Big boy A* material:

Describe the relationship between anxiety and depression.

What might underlie this relationship?

A
  • 45% of patients with major depressive disorder have at some stage been diagnosed with an anxiety disorder (Kessler et al., 2015).
  • The link between anxiety and depression is multifactorial. Potential mechanisms include:

1 - Hyperfunction of the amygdala.

  • Enlarged amygdala volume has been linked to anxiety disorders (Baur et al., 2012), and increased uptake of glucose has been observed in the amygdalae of patients with panic disorder, indicating hyperfunction of neurones in the amygdala (Martin et al., 2017).
  • The central nucleus of the amygdala plays a facilitatory role in the HPA axis by its indirect connections with the hippocampus and hypothalamus through the bed nucleus of the stria terminalis.
  • Hyperfunction of the amygdala might therefore result in hypersecretion of cortisol, one of the primary factors thought to underlie depression.

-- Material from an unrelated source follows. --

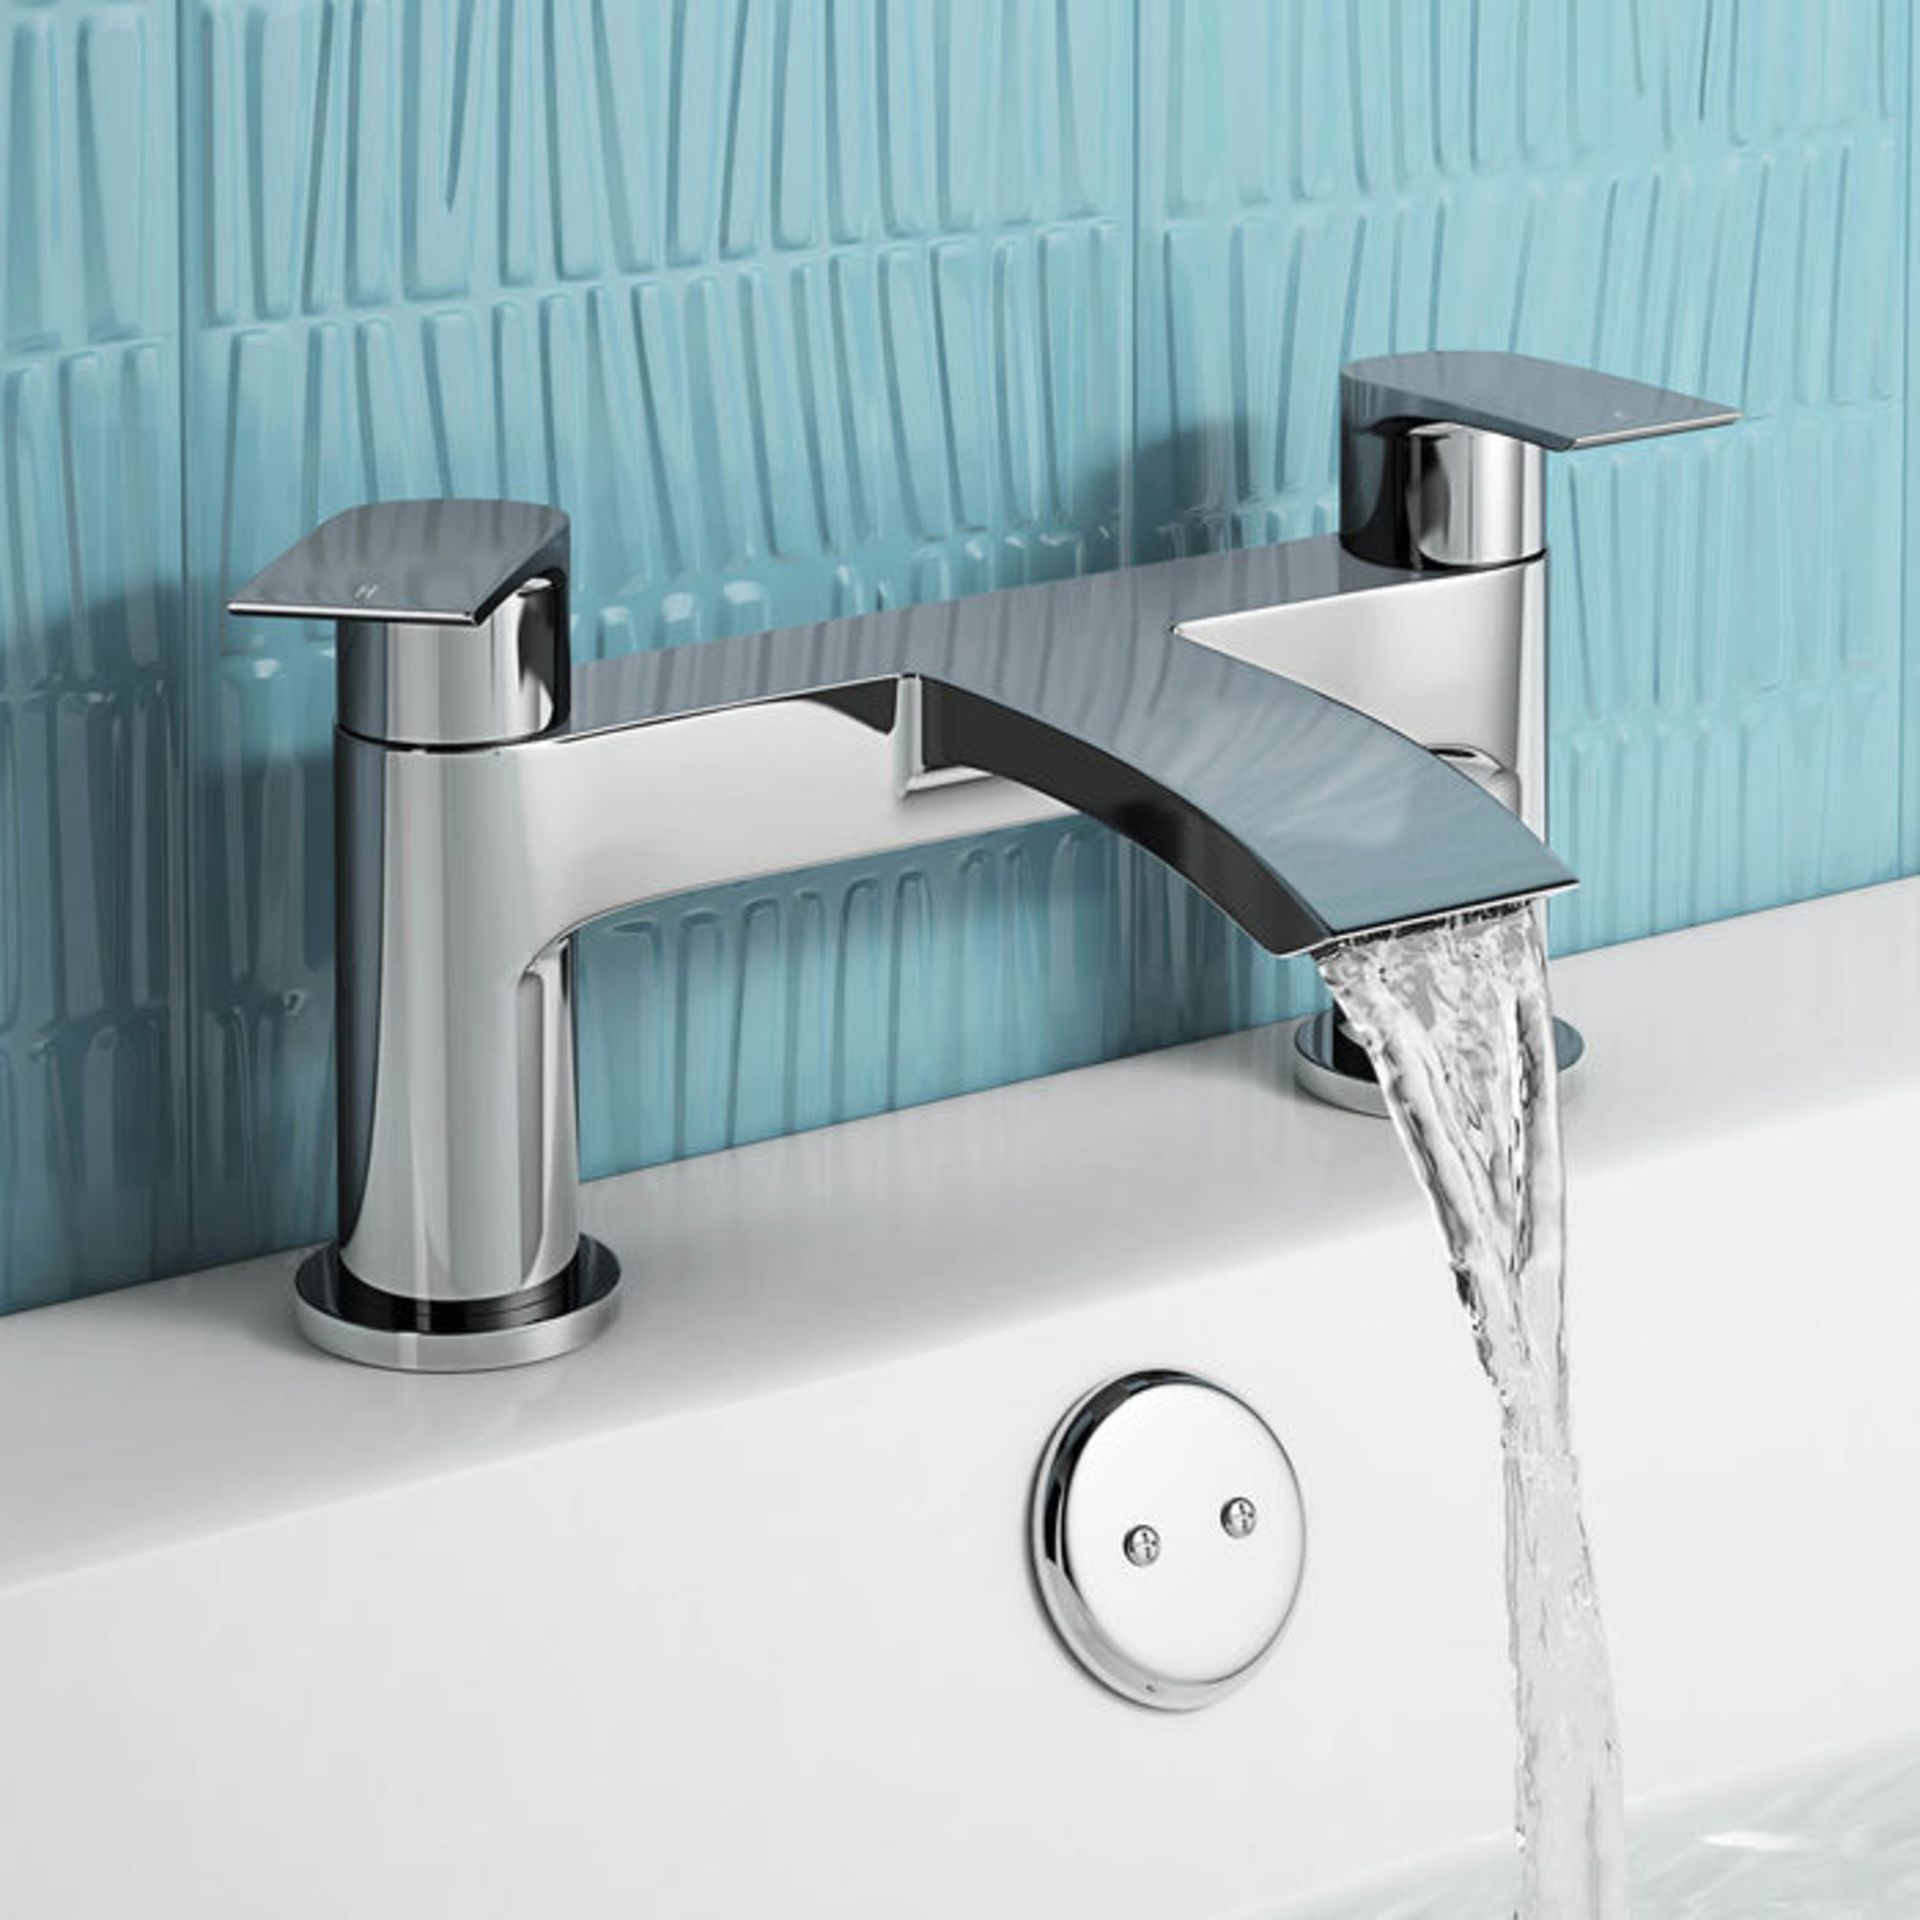 (PJ130) Melbourne Bath Filler Mixer Tap Chrome Plated Solid Brass 1/4 turn solid brass valve with

2 - Underexpression of 5-HT1A receptors and overexpression of 5-HT2C receptors.

  • 5-HT1A receptors are inhibitory Gi/o GPCRs that are normally expressed in limbic structures (such as those mentioned in card 6).
  • 5-HT2C receptors are excitatory Gq GPCRs that are normally expressed in limbic structures such as the amygdala and hippocampus.
  • Underexpression of 5-HT1A receptors and overexpression of 5-HT2C receptors in limbic structures has been identified in both patients with depressive disorders and patients with anxiety disorders.
  • This might underlie the hyperfunction of stress pathways in both depressive and anxiety disorders.
23
Q

A* idea from neuropeptides lecture

A

Emerging neuropeptide receptor-targeting drugs include:

1 - CCK antagonists as antidepressants / anxiolytics.

2 - NK1 antagonists as antidepressants / anxiolytics and antiemetics.

3 - NK3 agonists as antidepressants / anxiolytics.

*Surprisingly, NK1 receptor antagonists failed as analgesics!